BEGIN Data section

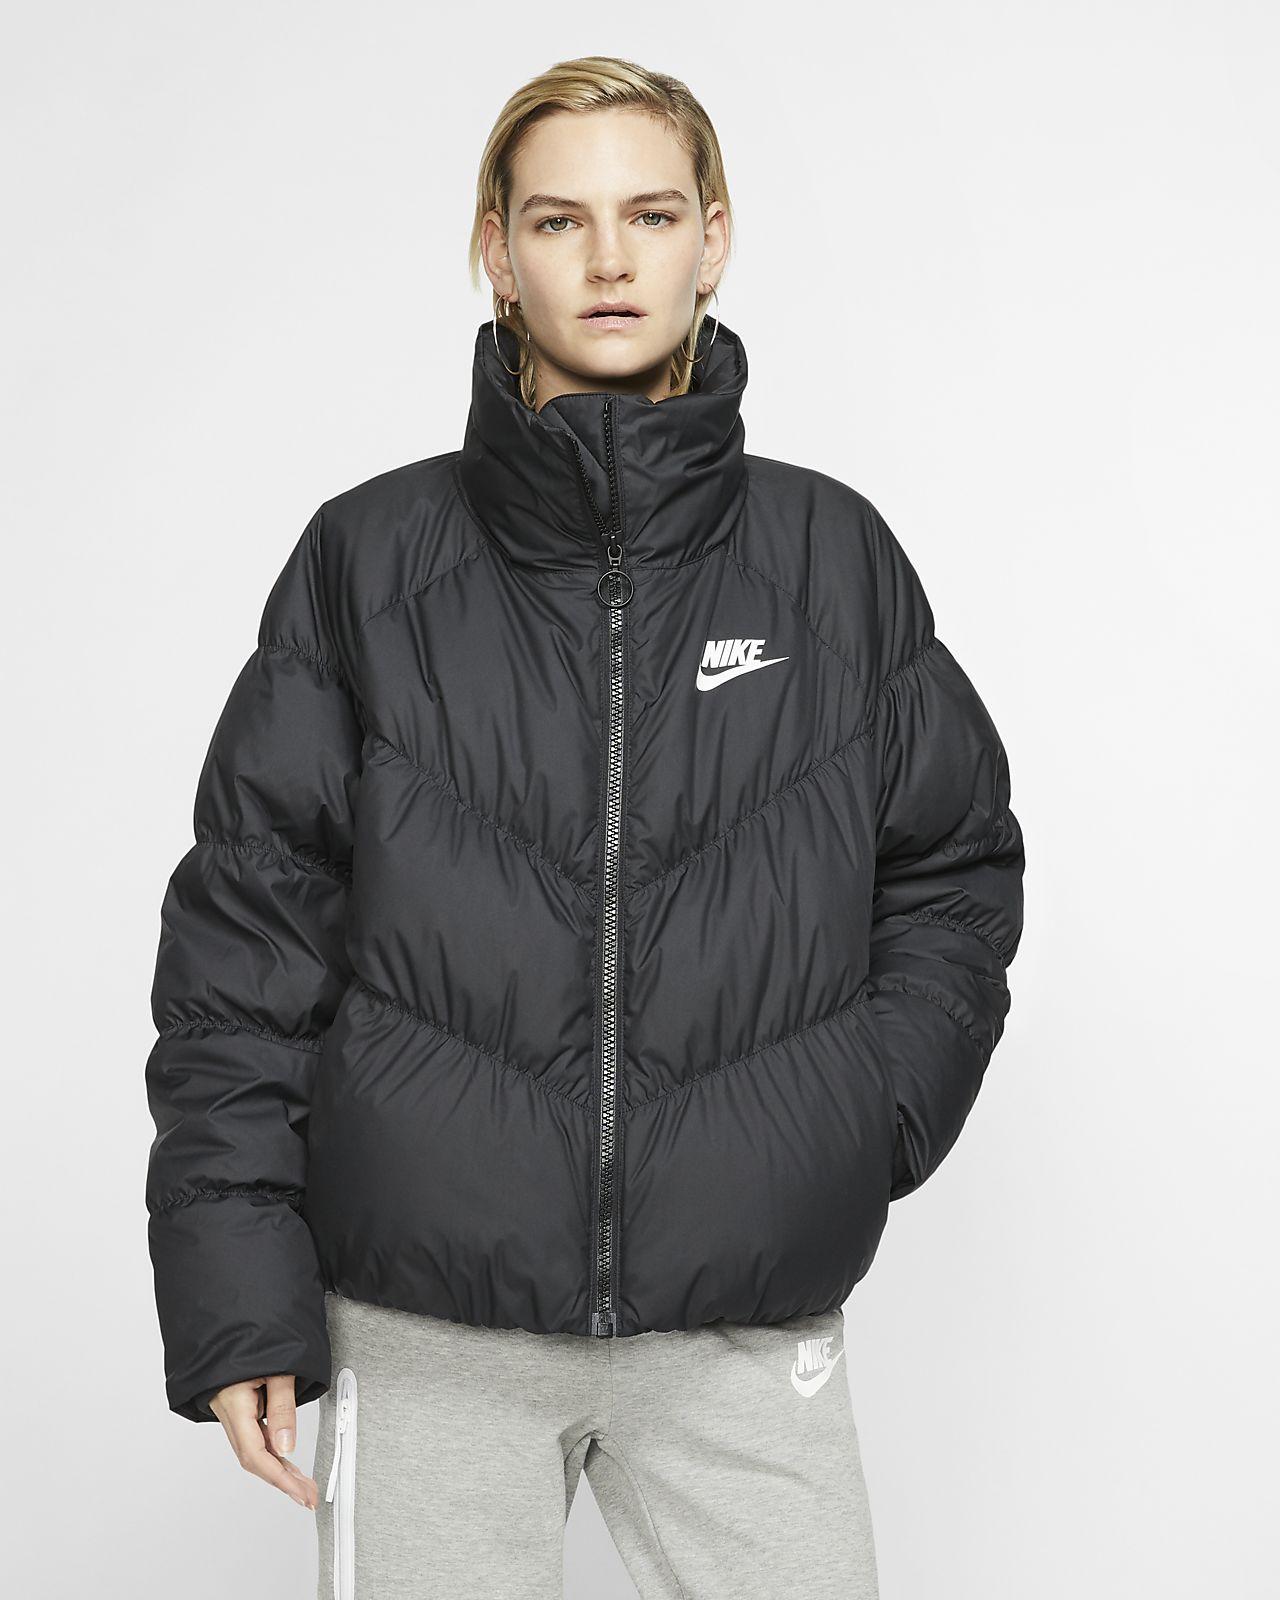 Casaco Nike Sportswear para mulher
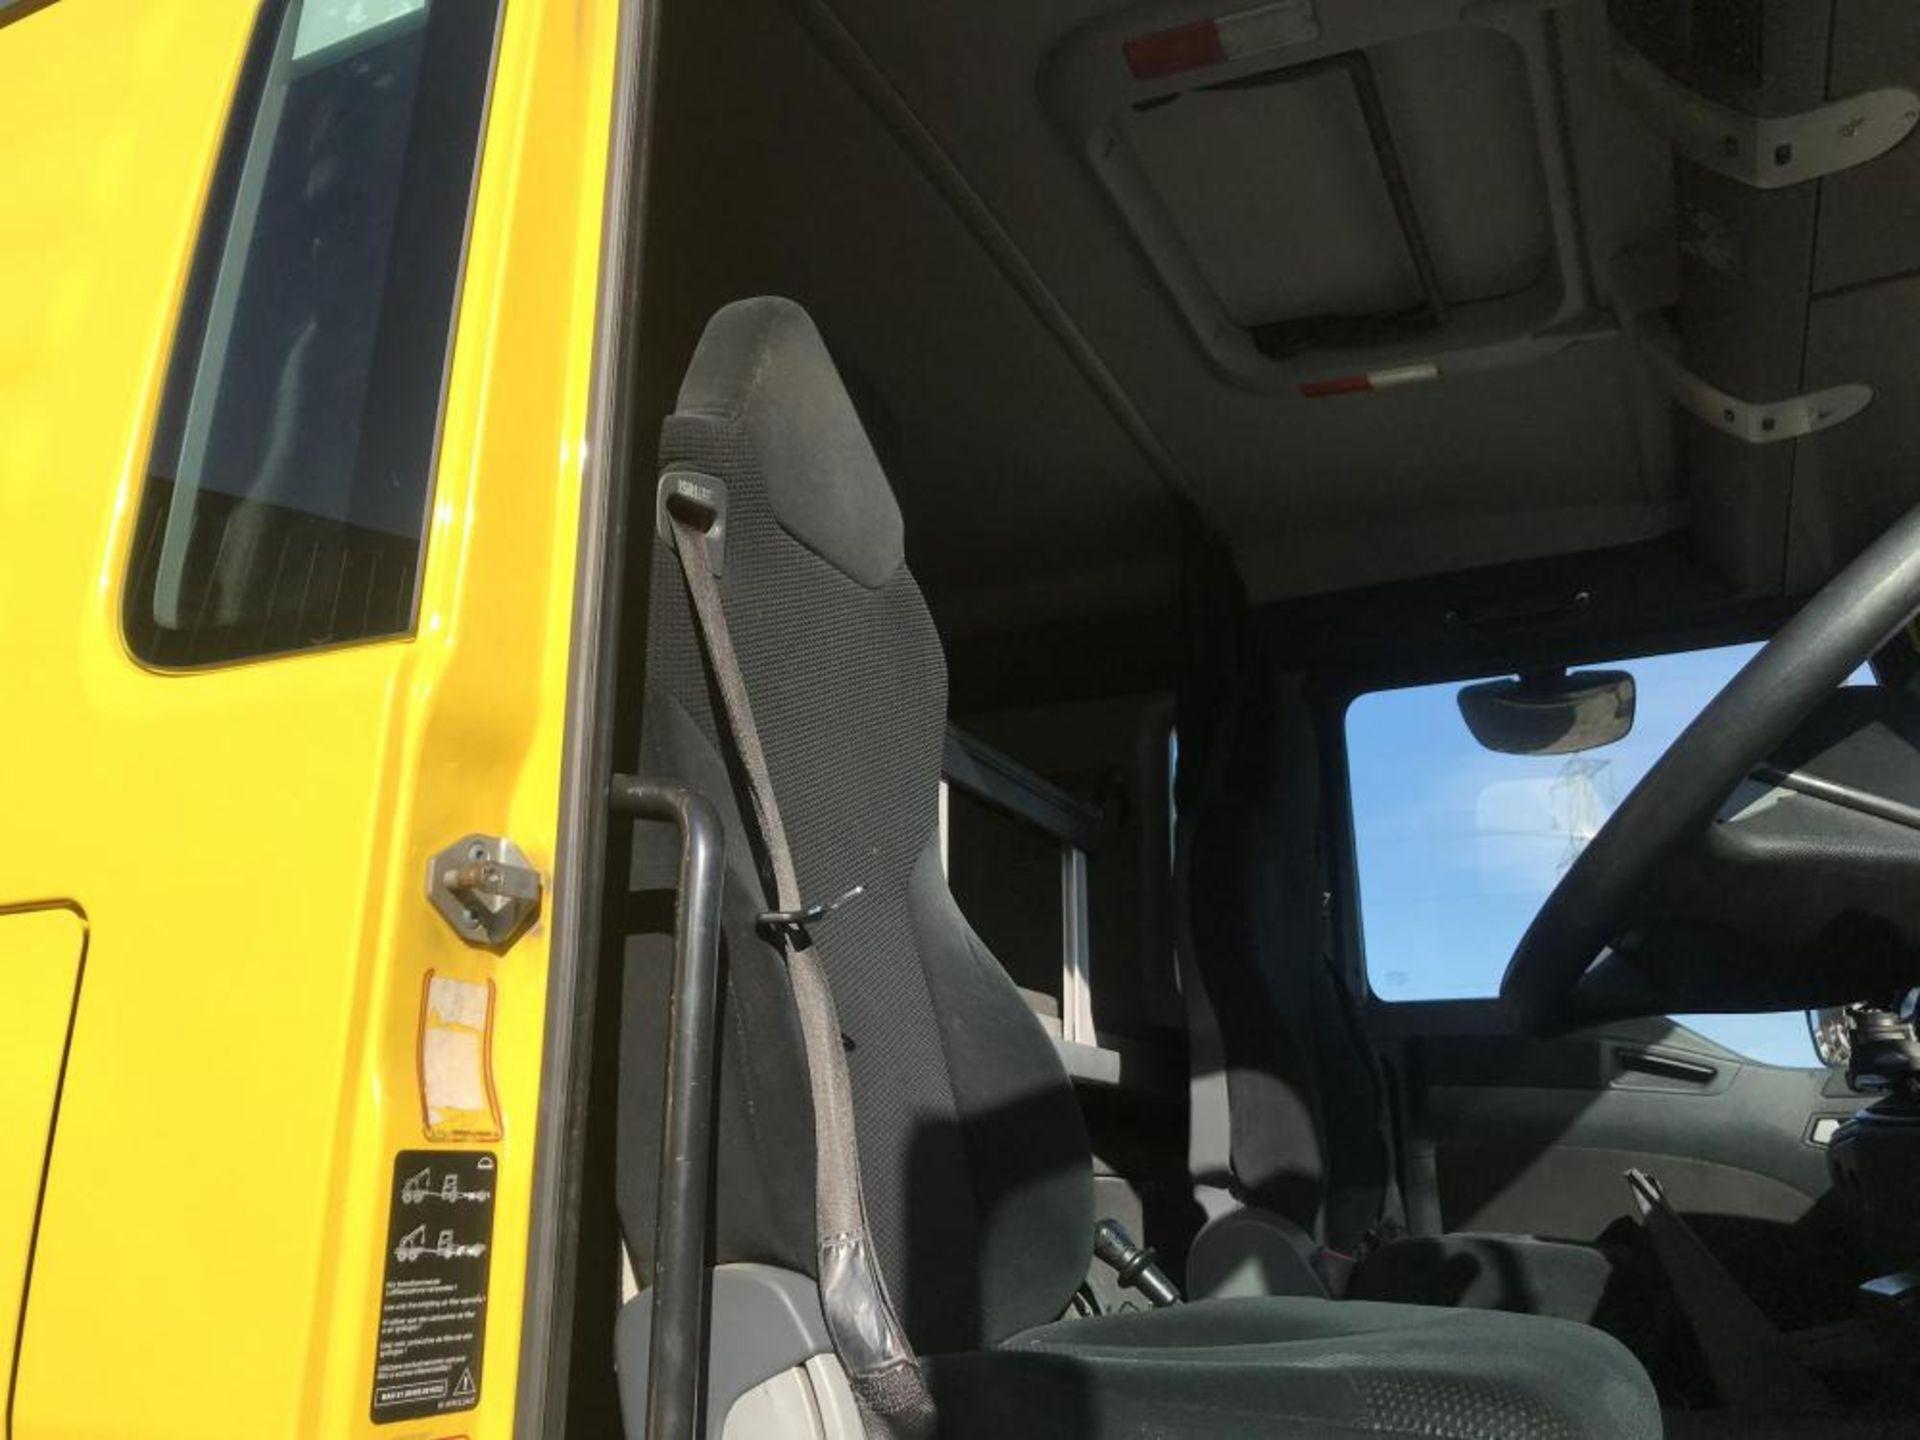 2012/12 REG MAN TG-M 18.250 4X2 LL L 6.9L DIESEL SLEEPER CAB AUTO GEARBOX GOOD CONDITION *PLUS VAT* - Image 5 of 15
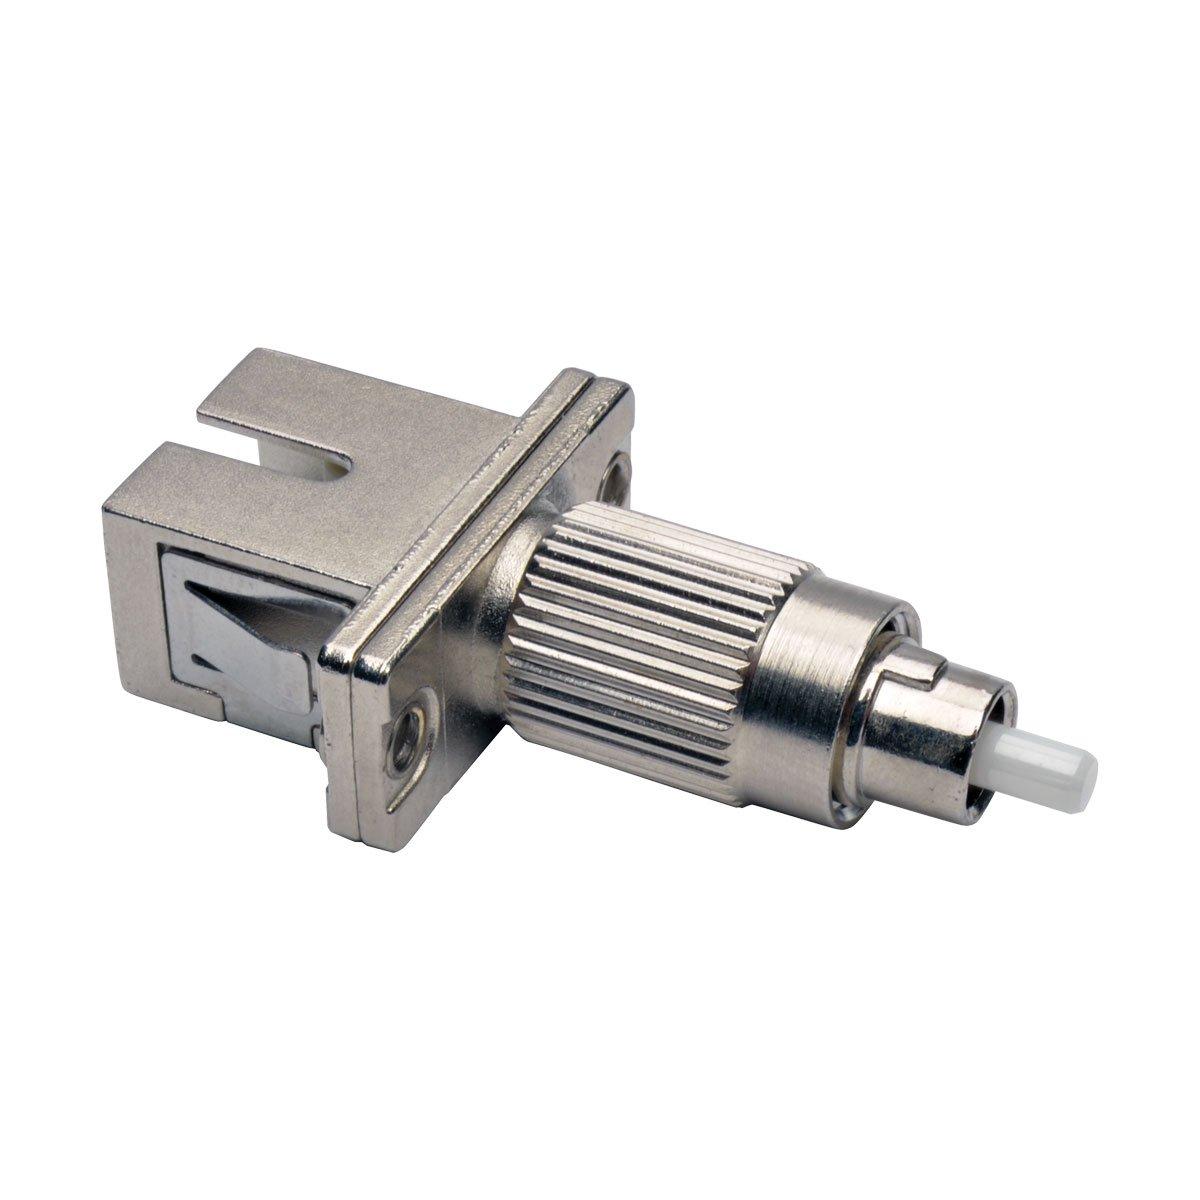 Tripp Lite Optical Fiber Cable Tester Adapter FC/SC 62.5/125 M/F (T020-001-SC62)

END Data section

Work order:
Output all the data above verbatim, leaving out images.

Finished task:
 Casaco Nike Sportswear para mulher
 2012/12 REG MAN TG-M 18.250 4X2 LL L 6.9L DIESEL SLEEPER CAB AUTO GEARBOX GOOD CONDITION *PLUS VAT* - Image 5 of 15
 Tripp Lite Optical Fiber Cable Tester Adapter FC/SC 62.5/125 M/F (T020-001-SC62)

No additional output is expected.